十七歳の地図 – SEVENTEEN’S MAP (1983年)
回帰線 – TROPIC OF GRADUATION (1985年)
壊れた扉から – THROUGH THE BROKEN DOOR (1985年)
街路樹 (1988年)
誕生 – BIRTH (1990年)
放熱への証 – CONFESSION FOR EXIST (1992年)

コメント

  1. Ryu より:

    尾崎豊、修学旅行でバスガイドのお姉さんに強く勧められた事が印象深くて回帰線をレンタルレコードで借りて聴いたのが最初でしたね。洋楽を聴いていたら尾崎豊を知らないってあり得ないという怒りを頂戴したのです。丁度テレビでは卒業のプロモーションをやっていて不思議なサビの歌だなとも思いましたが、Wham!やa-haなどに勝るとは全く思ってませんでした。

    当時はブルーハーツが流行り、しばらくすると筋肉少女帯が出てくるくらい回転の早いバンドブームの中で尾崎豊は新作も出さず埋もれているようでしたが、長渕剛や浜田省吾などを歌う駅前のストリートミュージシャンらはよく尾崎の歌を歌っていました。

    シェリーは盛り上がりのあるいい歌でした。でも、素人がコピーするには聞かせ方の難しい歌でした。I love you は学祭でお姉さんボーカルが泣きながら歌うのを見たことがありますが、泣いている理由がよく分からなくなる歌だなと思ったことを覚えています。また、女性に人気のある歌手だという印象があります。

    でも、街路樹はショックでした。初めて聴いた時は、アーティストとして死んじゃうんじゃないかと。地下鉄の風に吹き上げられたという歌詞には逍遙とした孤独が強くて聴いてられませんでした。

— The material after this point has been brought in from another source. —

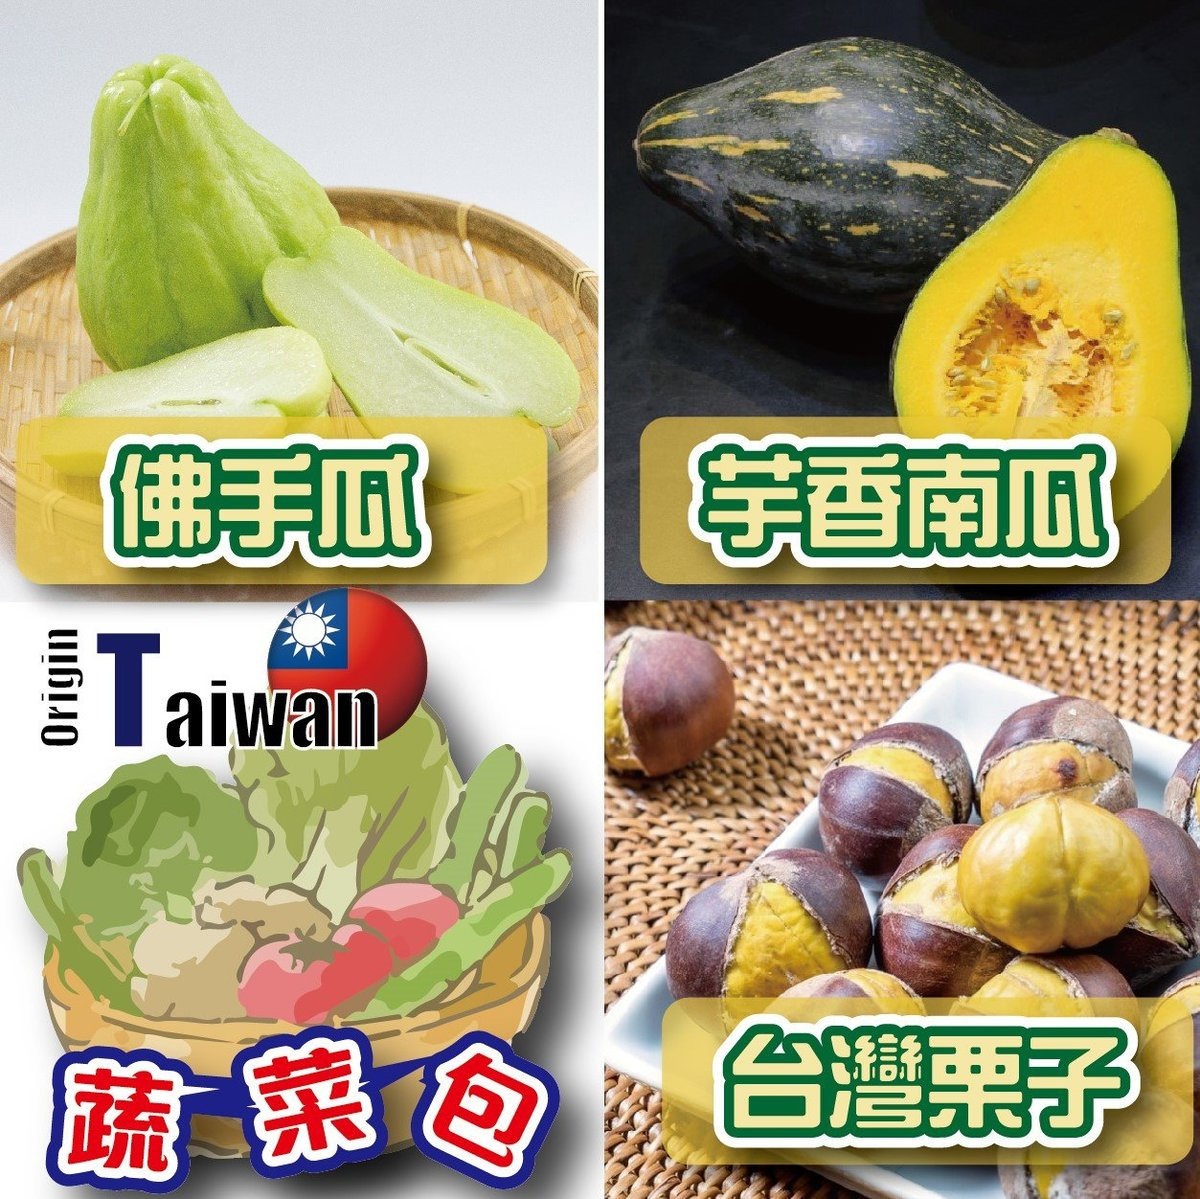 Taiwan 蔬菜包 ( 佛手+栗子+ 芋香南瓜) (共重1.7-2KGS)

    その後は新しいアルバムを聴くのは止めました。だから、亡くなったことをニュース速報が出て知りましたが驚きはなく、ただ悲しかったです。

    でも、街路樹の後もいい歌、一杯ありますね。

    以前、ある歌手の方と話しをすることがあり、彼は尾崎豊についてしんみり、ほんの少しだけ話されていました。その話しを聞きながら、その歌手が若い頃とは違い今を歌えるように、尾崎豊もまた今を歌ってくれただろうなと思いました。

    • MIYA TERU より:

      コメントありがとうございます。尾崎豊という歌い手、急逝してヘンなイメージばかりがついてもうまともに評価すらできない風潮なのが哀しいですね。女性に人気があった、というのは確かにそうですね。ヤンチャでナイーブで、本人もそれを自覚していた気がします。もしあんなことにならなかったら、今頃どんな唄を唄っているんでしょうね。

  2. Takamix より:

    我が家は学生下宿をしており下宿の学生たちが心酔していた。
    ただねぇ・・・ 心酔してたのはイケてる子たちじゃないんですよ。
    クラスにいる目立たない系の子たちです。
    自分は尾崎を聞かないんですけど『尾崎の曲』ではなく取り巻くファンに引くと言うか・・・

    けど街路樹の一曲だけは持ってます。

    • MIYA TERU より:

      コメントありがとうございます!
      「オザキに心酔してたのはイケてる子たちじゃないんですよ。クラスにいる目立たない系の子たちです。」
      まさにその通り、ですよね。
      「取り巻くファンに引く」というのも、よくわかります。私はマスコミの作り上げた「悩める十代のカリスマ」という紋切り型のパブリックイメージの押し付けが、ソレにあたります。
      もっとも、本人も”承知の上でやってる”感がありましたけど・・・
      才能あるアーティストだっただけに、残念です。